"Tapas" has recently become a familiar style of serving food in many countries. In many cases this doesn't actually have much resemblance to style of food found in Spain being more of a re-branding of familiar foods by placing them into small terracotta dishes. People seem to love the idea of small portions of food and often the adoption of an unfamiliar cuisine is heavily biased towards this style of meal. Perhaps this is why that while most of us are familiar with tapas, anti-pasti and mezze, if not the wider cuisines that they derive from, that to date why I have never seen mention of “ración” on a menu outside of Spain. Tapas (singular “tapa”) were originally simply free bites of food given with drinks, the root of the word said to be derived from “'tapar”, which “means to cover”, the implication being that these small bites of food, such as a slice of bread or ham, were used to cover the mouth of the drinking vessel. Which is all very well, but actually when eating “tapas” with friends, more often then not you will not actually be eating a “tapa”, but sharing a plate of food known as a “ración”, related to the English term “ration” in the sense that it is a portion of food. So if you happen to find yourself in a tapas bar in Spain, don’t be surprised if there is some confusion if you order a tapa of an item that listed on the chalkboard – it may actually only available as a ración.
Whatever the terminology eating tapas at a bar, while drinking a glass of manzanilla is a fantastic experience. Venues that sell tapas vary hugely; from tiny bars with containing only dozens of shouting customers, hanging hams and board covered barrels as the bar top, to glittering restaurants in elegant 18th century buildings. In the former case when you make an order, your tab will be written on the bar top in chalk, the length of the chalk scrawls a graphic reminder of how much you have eaten at the end of the evening. The types of foods available varies a great deal from venue to venue and also between regions. Here are some of the more interesting intems that I have eaten, along with the raw ingredient in some cases.
Casa Balbino. An lovely atmospheric tapas bar in Sanlucar. This bar is so popular that although there is a huge amount of outdoor seating and there is still times when you have to prowl around the outskirts of the seating, waiting for a table to become free.
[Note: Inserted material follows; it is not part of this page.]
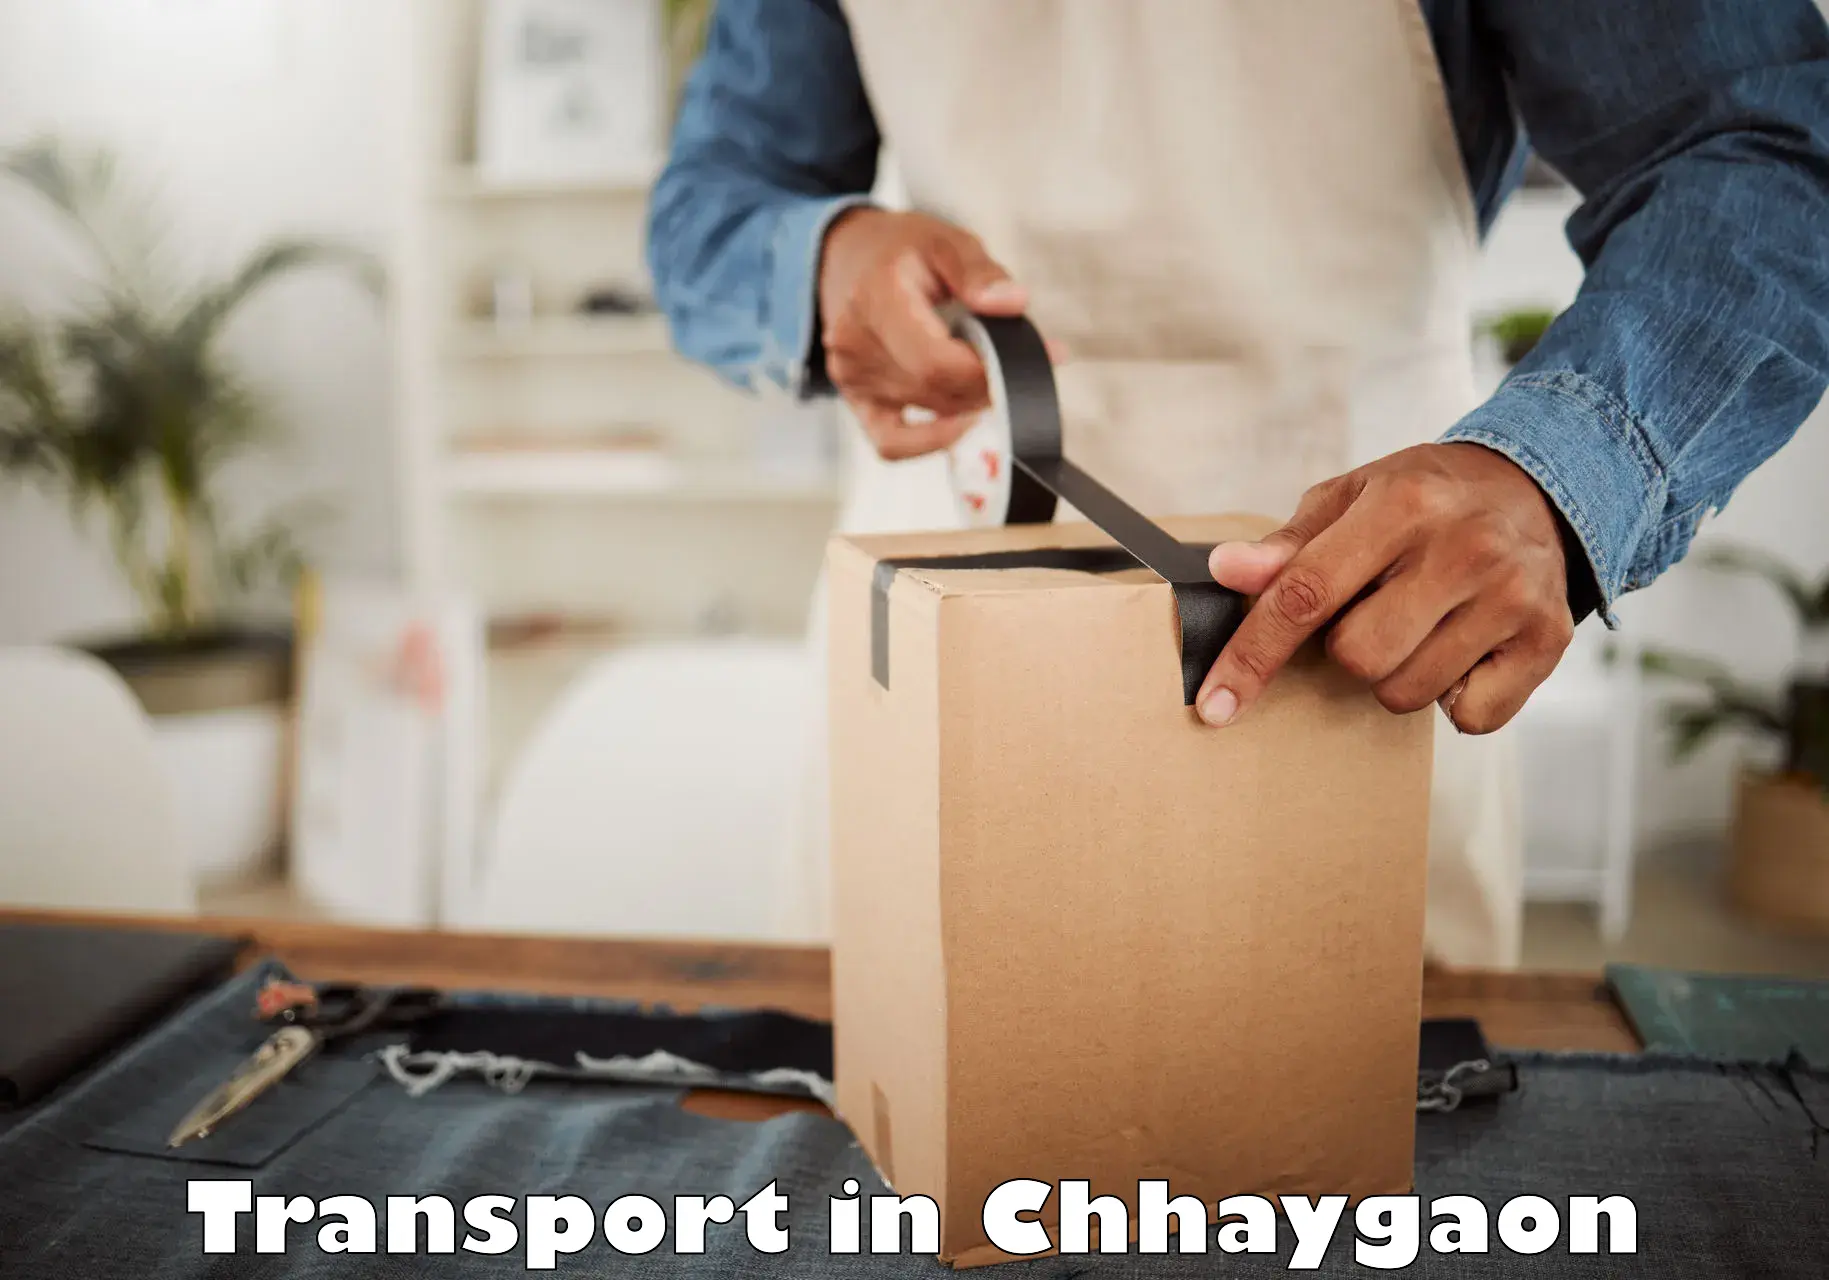 Transport services in Chhaygaon

The food is very good and the staff second to none. I should stress this last point, as really they were very good to me, considering my profound lack of Spanish and how busy they were. Here are some more interesting items on the menu.
Ortiguillas in there raw state, as sold in the market. These are actually Snake-locks anenome (most likely Anemonia sulcata). These were simply floured and fried and served with a side of cabbage salad (cabbage, paprika, cumin, lemon juice and olive oil). They have a similar brine-iodine flavour as fried oysters, but a much softer, almost creamy texture. Well worth trying.
The fried Ortiguillas.
Tiny shrimp (most likely Palaemon longirostris) used for marking Tortillas de Camarones. See this link for a video of them hopping about like fleas at the market. These tortilla demonstrate why Andalucía is famous in Spain for it's fried dishes. They huge crispy wafers of shrimp which really are quite extraordinary, a beautiful demonstration of the fryer's art.
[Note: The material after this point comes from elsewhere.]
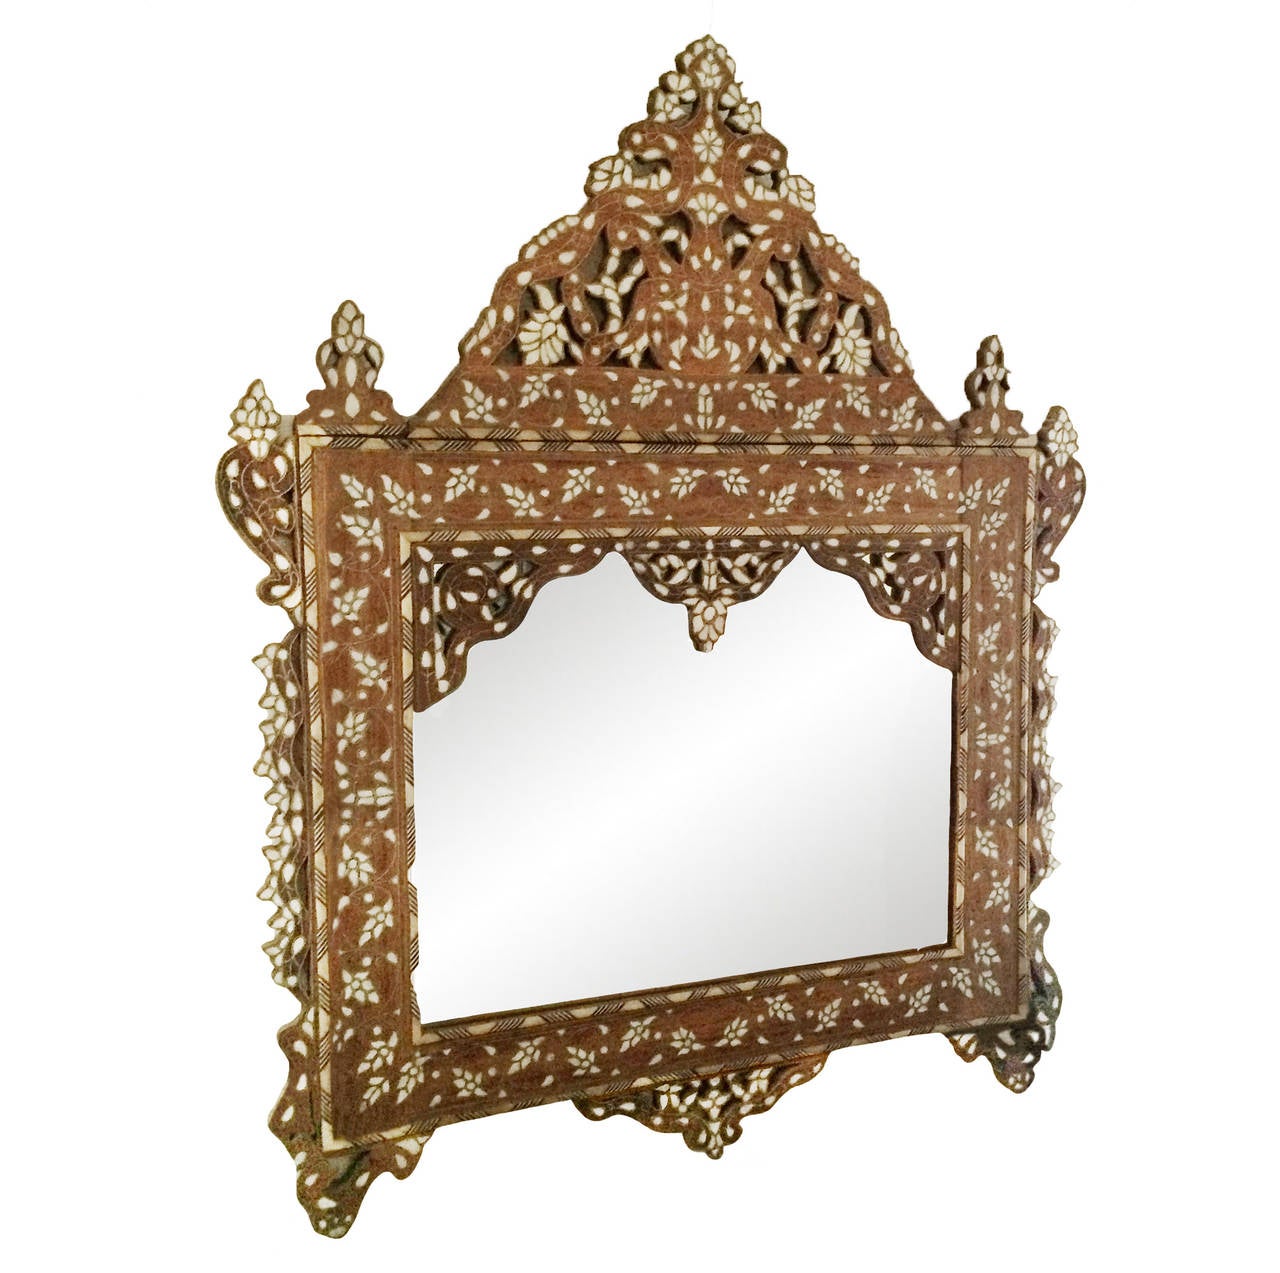 19th century exceptional Syrian mother-of-pearl inlay mirror with a series of framed bone borders; scalloped cut-out details; center dome. Fabulous patina!

A fiddler crab (Uca tangeri) next to a sprig of marsh samphire (Salicornia europaea) on mudflat on the Guadalquivir river. Apart from the mud, all quite edible. On the Sanular side of the river, the large claws of the male crabs are harvested. In theory, once returned the crab lives to produce another claw. I have seen a similar practive of claw harvesting on large brown crabs on the west coast of Ireland.
Boca (the local name of the fiddler crab) as served as a tapa.
A bag of snails, Theba pisana to be exact. These tiny snails under go aestivation during the summer months, where they climb up any upright structure and go dormant in great pearly clusters. In the market these snails (as well as several other species) were sold with small bags of specific spices to cook them with. The spices used were: Anise, coriander, black pepper and chilli.
The cooked caracoles, served in there cooking liquor. Many places don't even mention the word caracoles, just a few spirals of chalk on the blackboard seems to be enough to send a great proportion of the local population into a snail eating frenzy. They are delicious and it is a nice way to kill some time chatting, picking out the flesh with a toothpick and sucking any stubborn bits out of the shell. The broth was delicious, almost rosemary flavoured, I could drink it alone.